We fact-checked the technical claims in this article and made an important discovery.

Replacing getPixel() with getBytes()

The getPixel() API creates a Pixel object per call. The same package offers getBytes(order: ChannelOrder.rgba), which returns a view of the internal buffer directly:

ImplementationTime
Flutter (getPixel loop)73,000ms
Flutter + Kotlin bridge27,000ms
Flutter (getBytes fix)3,967ms

A single-line fix reduced 73 seconds to 4 seconds. Faster than the Kotlin bridge optimization (27s).

The root cause was not Dart or Flutter’s limitations, but how we used the image package API. getPixel() involved 33 million object allocations; getBytes() returns a buffer view at near-zero cost.

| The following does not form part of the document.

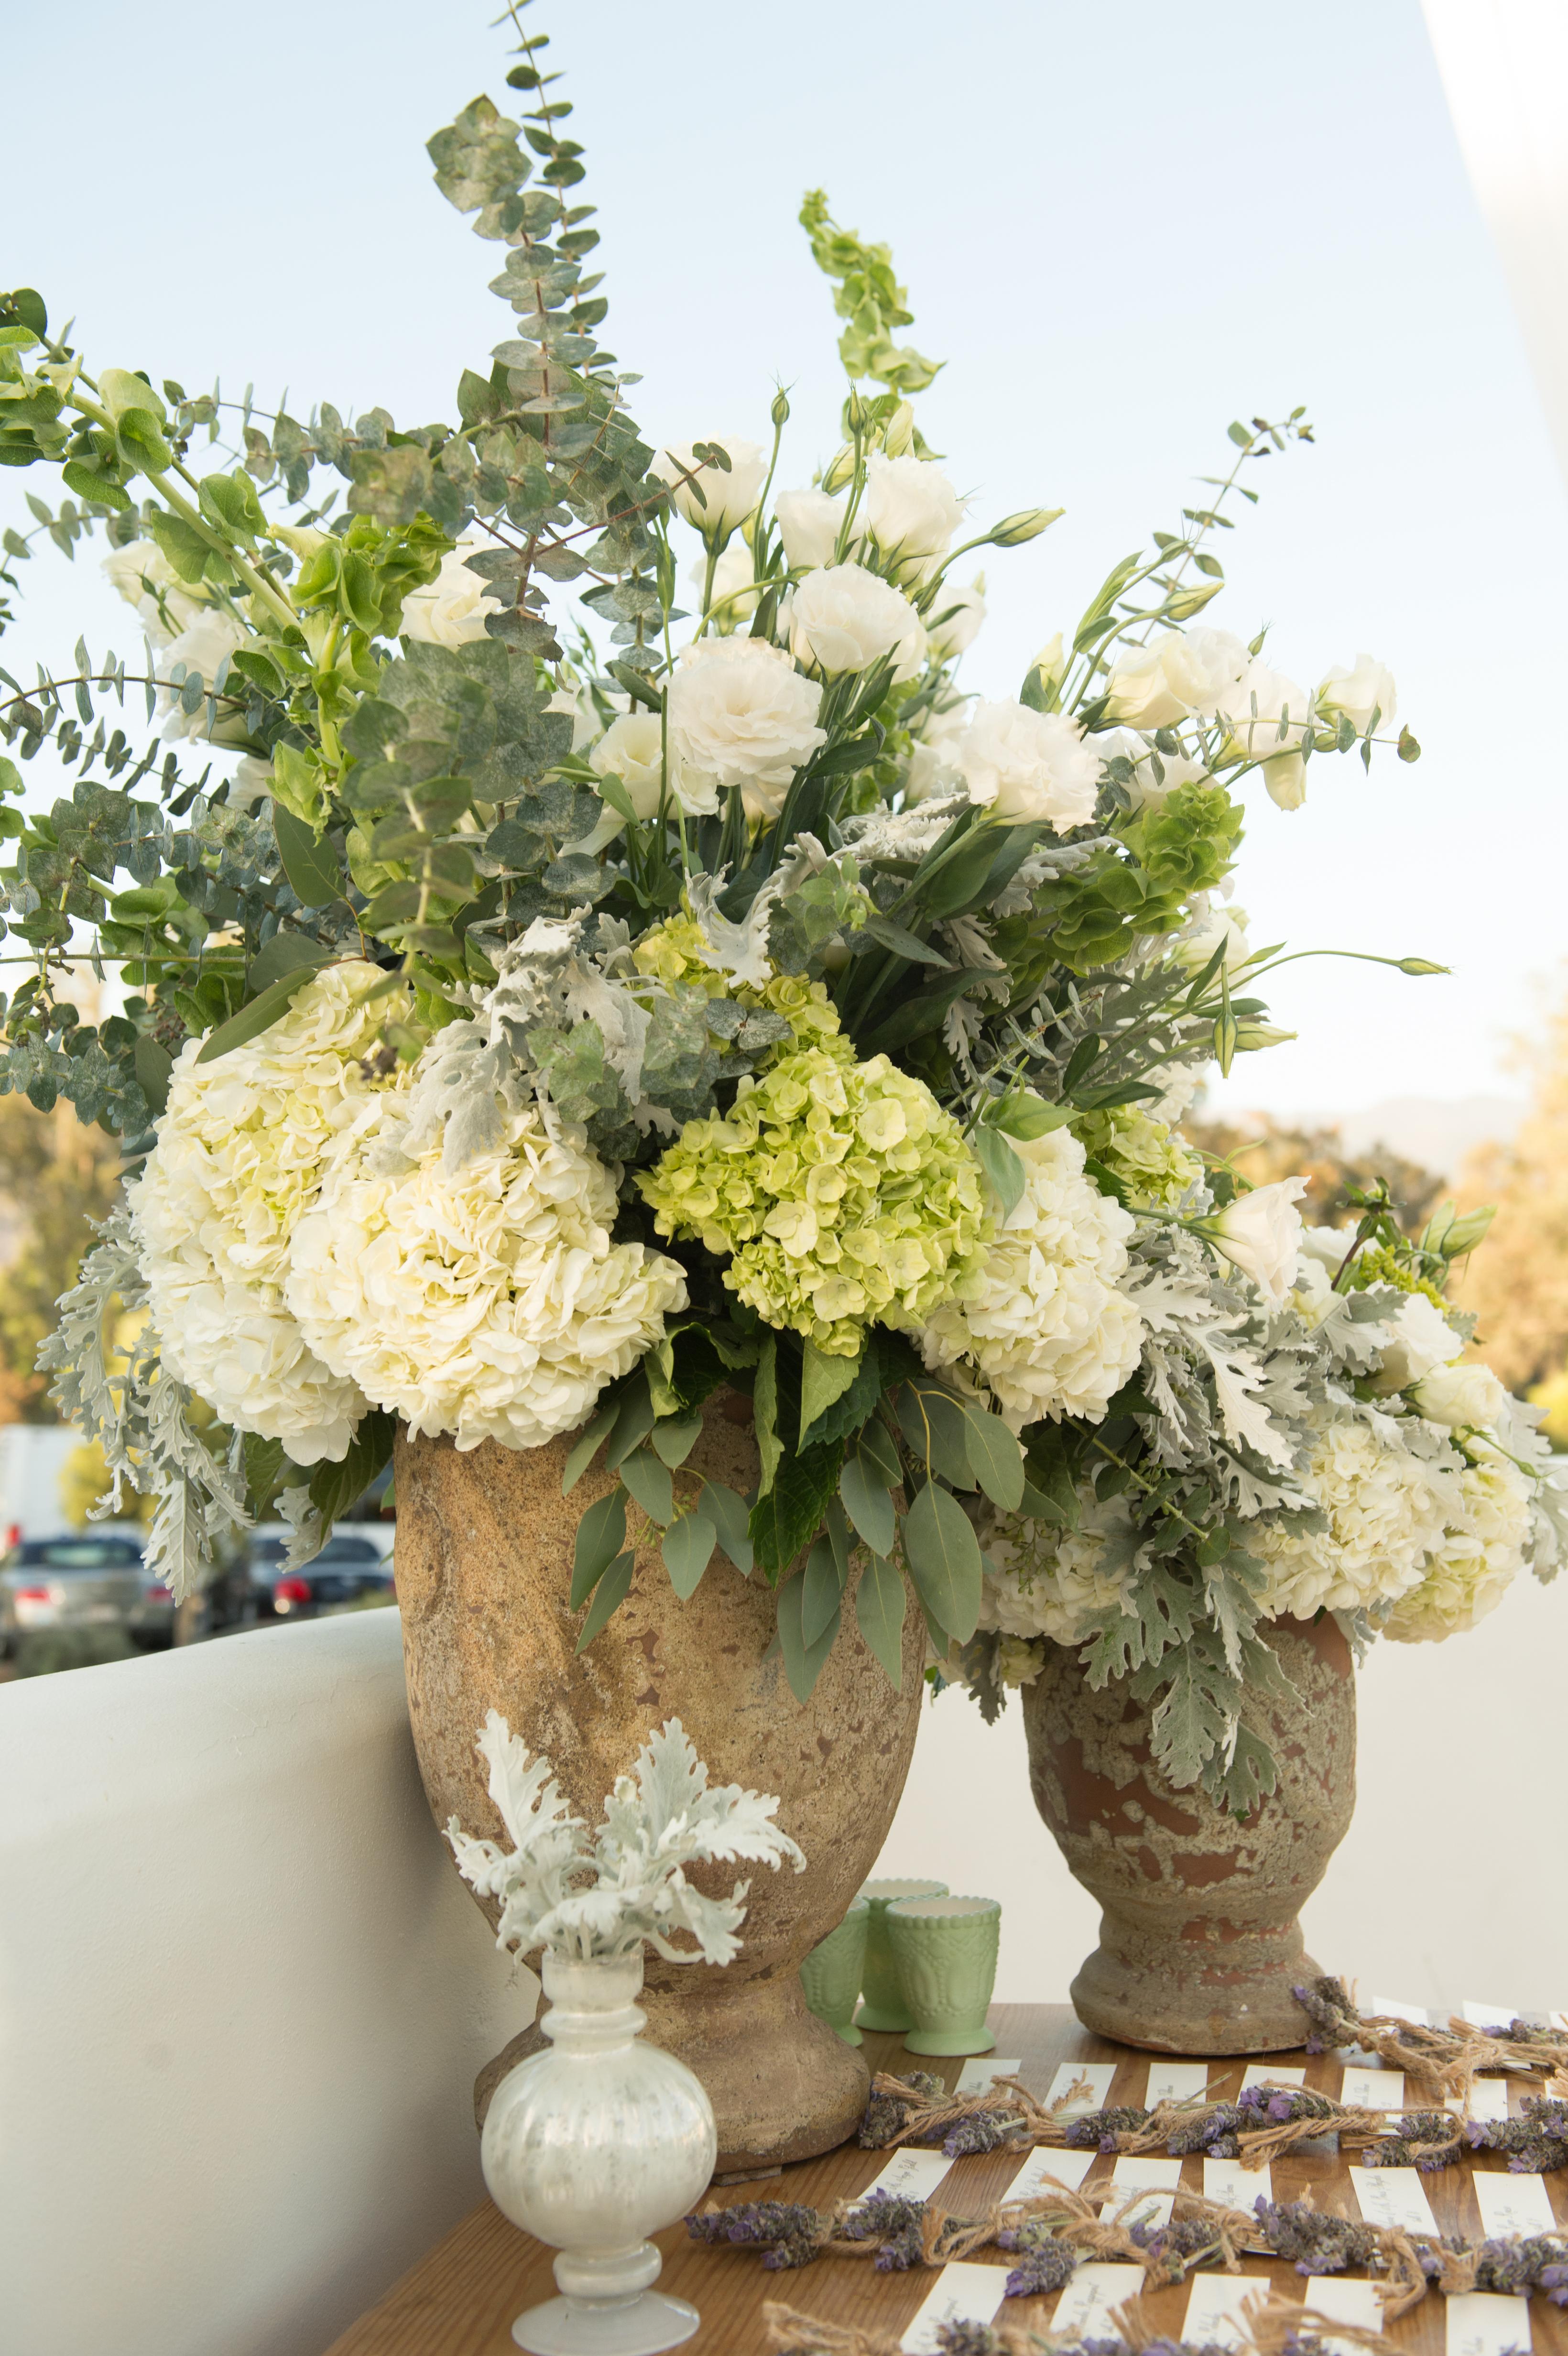 How to save money on your wedding flowers huffpost life how to save money on your wedding flowers izmirmasajfo

Final Comparison with Kotlin Native

We also implemented and benchmarked a Kotlin Native version on the same image (6642x4990, Pixel 9a):

ImplementationTimeNotes
Flutter (old: getPixel)73,000msAPI misuse
Flutter + Kotlin bridge27,000msUnnecessary optimization
Flutter (getBytes fix)3,967msSingle-line fix
Kotlin Native2,523msBitmap API + coroutines

Kotlin Native was 2.5s vs Flutter’s 4s — about 1.6x faster. The difference is approximately 1.5 seconds, modest compared to the 73s → 4s improvement.

Lessons Learned

  1. Accurately identifying the root cause of performance issues matters. We concluded “Dart is slow” and built a Kotlin bridge, when the real cause was API usage
  2. Explore optimizations within the same language/framework first. dart:ffi, direct buffer access, and Isolates were available options within Dart/Flutter
  3. Repeated benchmarking and verification helps avoid assumption-based decisions

Going Forward

We decided to implement the KotenOCR Android version in Kotlin + Jetpack Compose. Beyond the 1.6x speed advantage, native UI gesture handling and platform integration were additional factors.

The Flutter development was not wasted — it served as valuable prototyping for pipeline design, bottleneck identification, and learning the importance of choosing the right API.


This development was carried out using Claude Code (Anthropic). The technical claims in this article were independently verified, and initially assertive statements have been revised accordingly.